His breath was sweet, familiar, like his voice.

 

“Sean? Why…”

“He called me. He was in such a dreadful state, so worried for you. We came straight away.”

“He was pleading. How could I…he was pleading, Sean, and I…”

“He needed your help and you gave it. Whatever you believe at this moment, you did the right thing. You love him, so how could it be wrong?” Sean held out his hand and George took it.

“Where is he? Is he all right?”

“No. He’s not. Not yet, although I must say you’re probably a little bit the worse for wear than he is. But he’s safe now. He’s downstairs. My Soph is looking after him for us.”

“Sophie.” George smiled at the memory of her face and her stories. They always did make him feel like nothing else mattered.

“We came straight away,” Sean repeated, but it still made no sense.

“Can I go to him?”

“Of course you can.

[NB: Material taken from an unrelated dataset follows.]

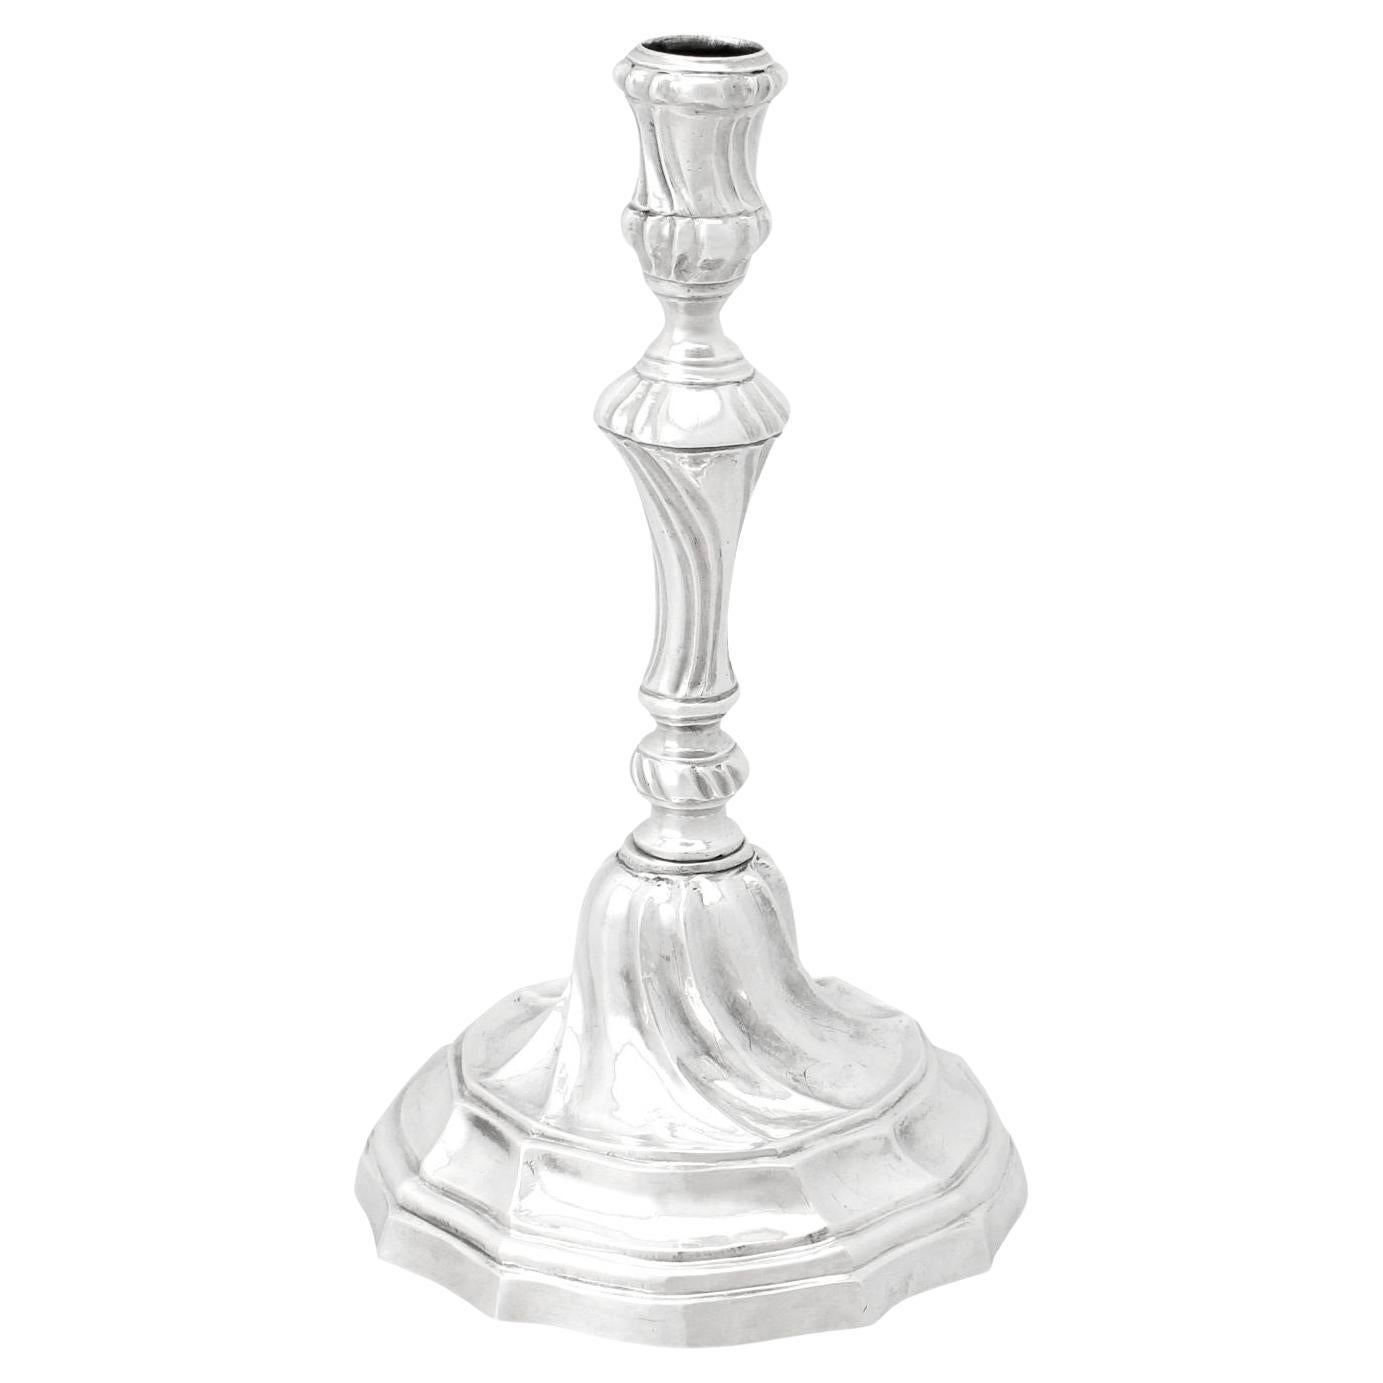 Antique Spanish Silver Candle Holder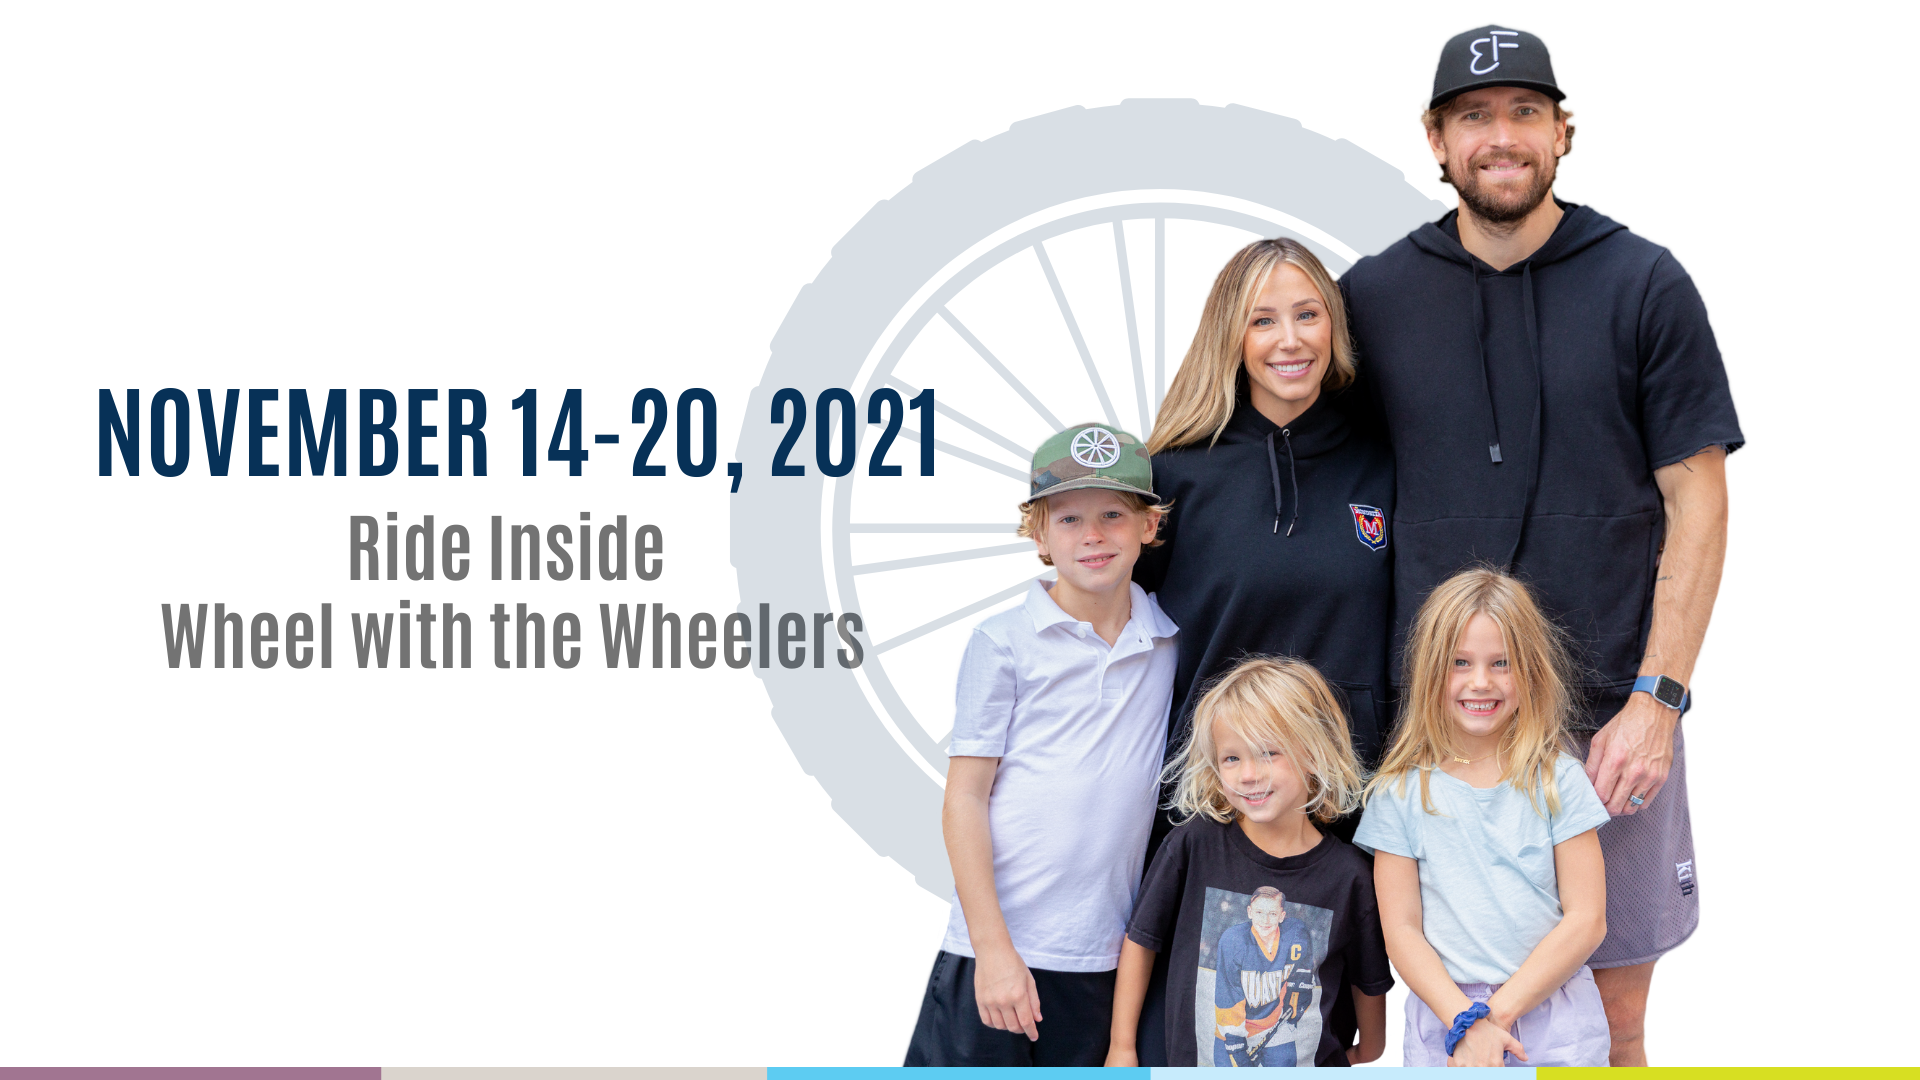 Wheel with the Wheelers in the 2021 Ride Inside

He’ll be pleased to see you back with the living.”

“What happened? Did I black out?”

“You shut down. Nothing to worry about, it’s only natural. How do you feel now?”

“Confused. In pain. Not physical, you understand.” George crumpled again and Sean caught him.

“More than you know,” he said, holding him tightly and rocking him from side to side. “But it gets no worse than this, I promise you.”

 

Some time later, George couldn’t tell how long, Sean helped him down the stairs, supporting under his arms as he led him into the lounge. There was Sophie, her face lit up in the most beautiful smile. And there next to her was Josh. As soon as he saw that George had come, he ran to him and they fell into each other, apologies and confessions of love and sorrow, joy and loss, tumbling in a torrent of tears. Sean left the room, and Sophie quickly followed.

“I’ll make some more drinks. They’ll be needing them,” he said to her, but she just took the kettle from his hands and held him. She wasn’t fully aware of what was happening, but she had to keep it together, for Sean, for all of them.

“I’ll make the drinks,” she said. “You do whatever you need to.” He wiped his eyes and nodded.

Somehow they had made it to the sofa and were sitting, still and silent, giving each other the chance to recover, to build some courage in the hope that it would be enough to make it through the next round. Sean stopped in the doorway and watched them, huddled together, each with their arm entwined around the other. Josh felt his presence.

“Can you give us a little time?”

“Sure, Joshy. I’ll just be in the kitchen.” Josh watched him leave, then slowly drew away from George. He resisted and clung to him.

“No. Don’t go.”

“I’m not going anywhere. Not ever.”

George released his grip and watched, as Josh rolled up first one sleeve, then the other. He laid out his arms, palms up, hands resting on his knees. George blinked away the tears and one dropped onto the bared wrist, snaking its way downwards, along the lifeline; Josh cocooned it in his palm.

“How long have you known?” he asked.

“Always.”

The word hung in the air on a hiss of breath and he delayed so it could dissipate.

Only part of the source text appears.